Nie chcemy wróżyć z fusów. Na pewno Argentyńczyk ma pełne prawo, by czuć się przez klub oszukany. A teraz jeszcze przez rok musi barwy tego klubu reprezentować i uczestniczyć w projekcie sportowym, w który absolutnie nie wierzy. Być może to oznacza, że rewolucja kadrowa w Barcelonie zostanie odłożona na później. Skoro zostaje Messi, to może i Suareza nikt z klubu wypychać nie będzie?

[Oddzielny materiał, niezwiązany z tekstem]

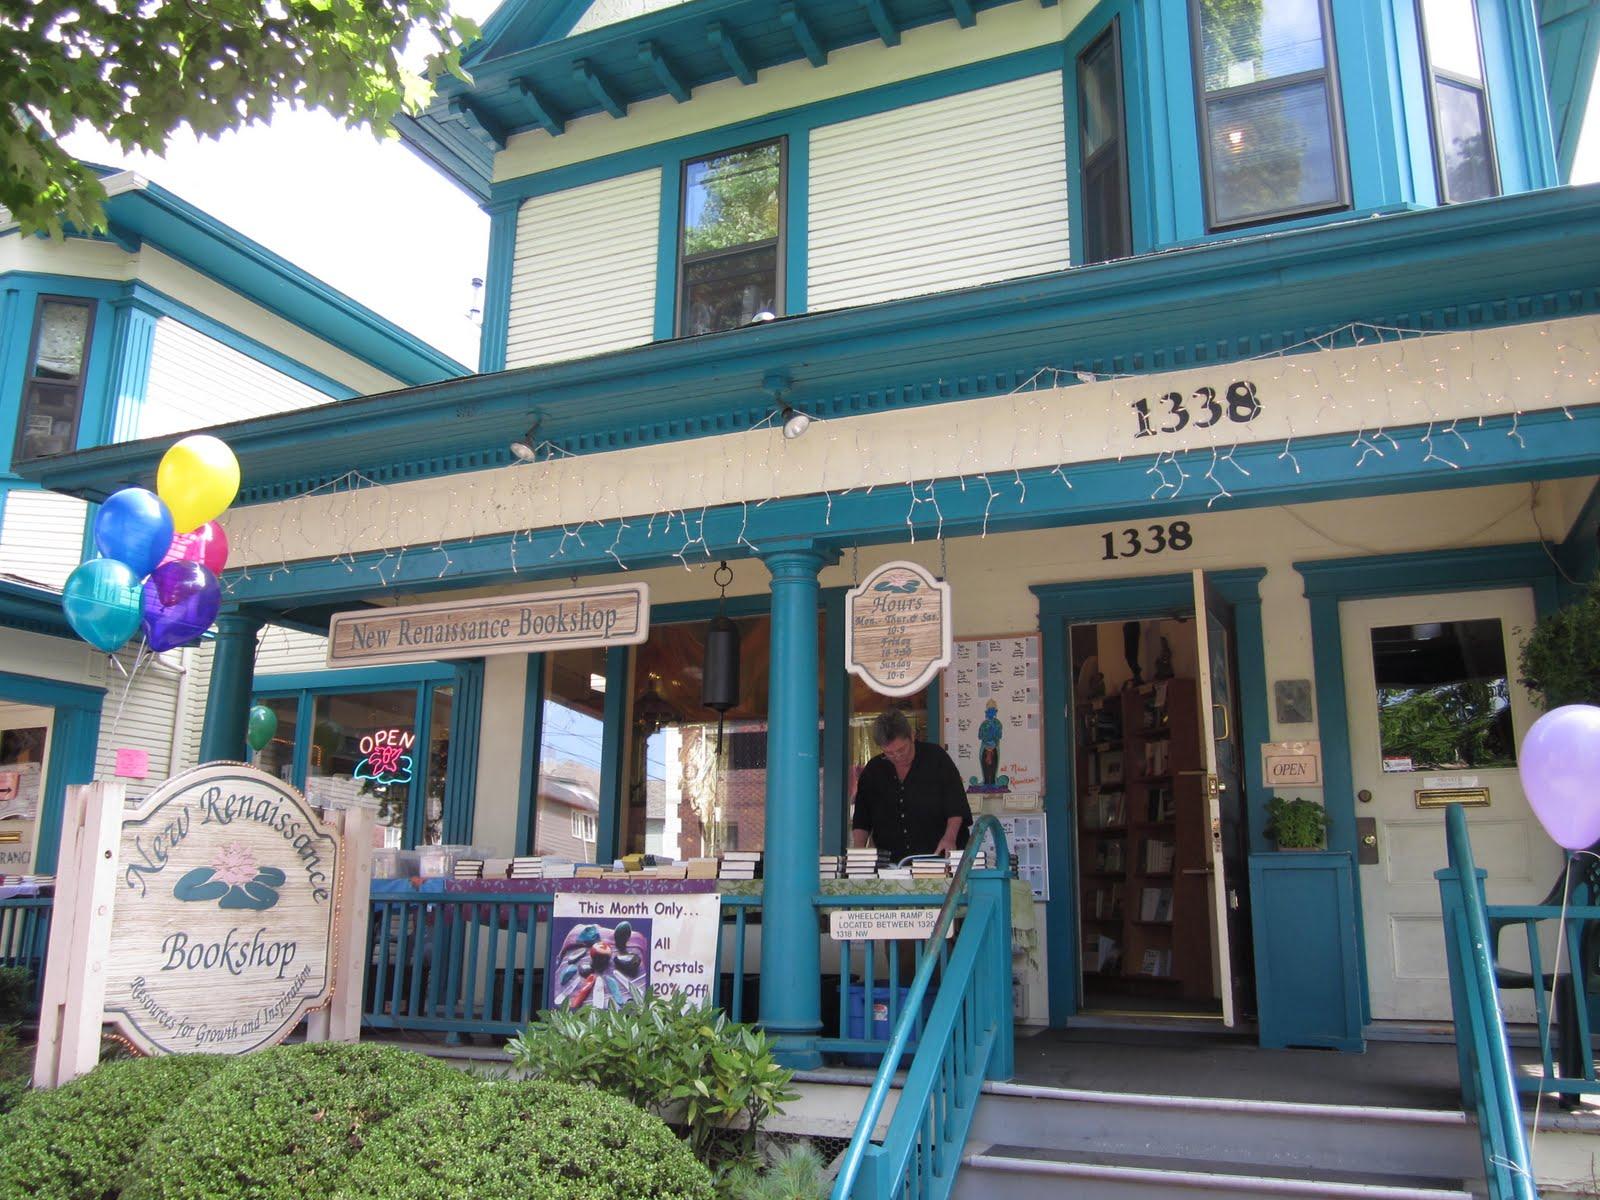 New Renaissance Bookshop image for Facebook

„Barcelona oszukała Messiego” – mówił Krzysztof Stanowski w swoim dzisiejszym „Stanowisku”
Czy jest możliwe, że drużyna pod wodzą Koemana odpali, Messi odzyska radość z gry, a następca Bartomeu przedstawi Argentyńczykowi pomysł na klub, który go nieoczekiwanie usatysfakcjonuje? Jest. Ale to jednak mało prawdopodobne, przynajmniej w tej chwili. Znacznie bardziej możliwy jest inny scenariusz. Messi z nosem zwieszonym na kwintę dogra ostatni sezon dla Barcy, a potem odejdzie. Oczywiście z głośnymi fanfarami, a nie w atmosferze sporu wokół klauzuli zapisanych w kontrakcie, co też ma znaczenie. Ale odejdzie za darmo. O rok starszy. Prawdopodobnie po kolejnej porażce w Champions League, być może znów bardzo dotkliwej. Nikt na tym niczego nie zyska.
Barca nie zarobi, Messi straci czas. Na to się zanosi. Ale doświadczenia ostatnich tygodni uczą, że w tej sprawie czeka nas pewnie jeszcze co najmniej kilka dramatycznych zwrotów akcji. Na razie całej awanturze towarzyszy wyłącznie dojmujące poczucie niesmaku i nie wydaje się, by akurat to miało się zmienić w ciągu najbliższego roku.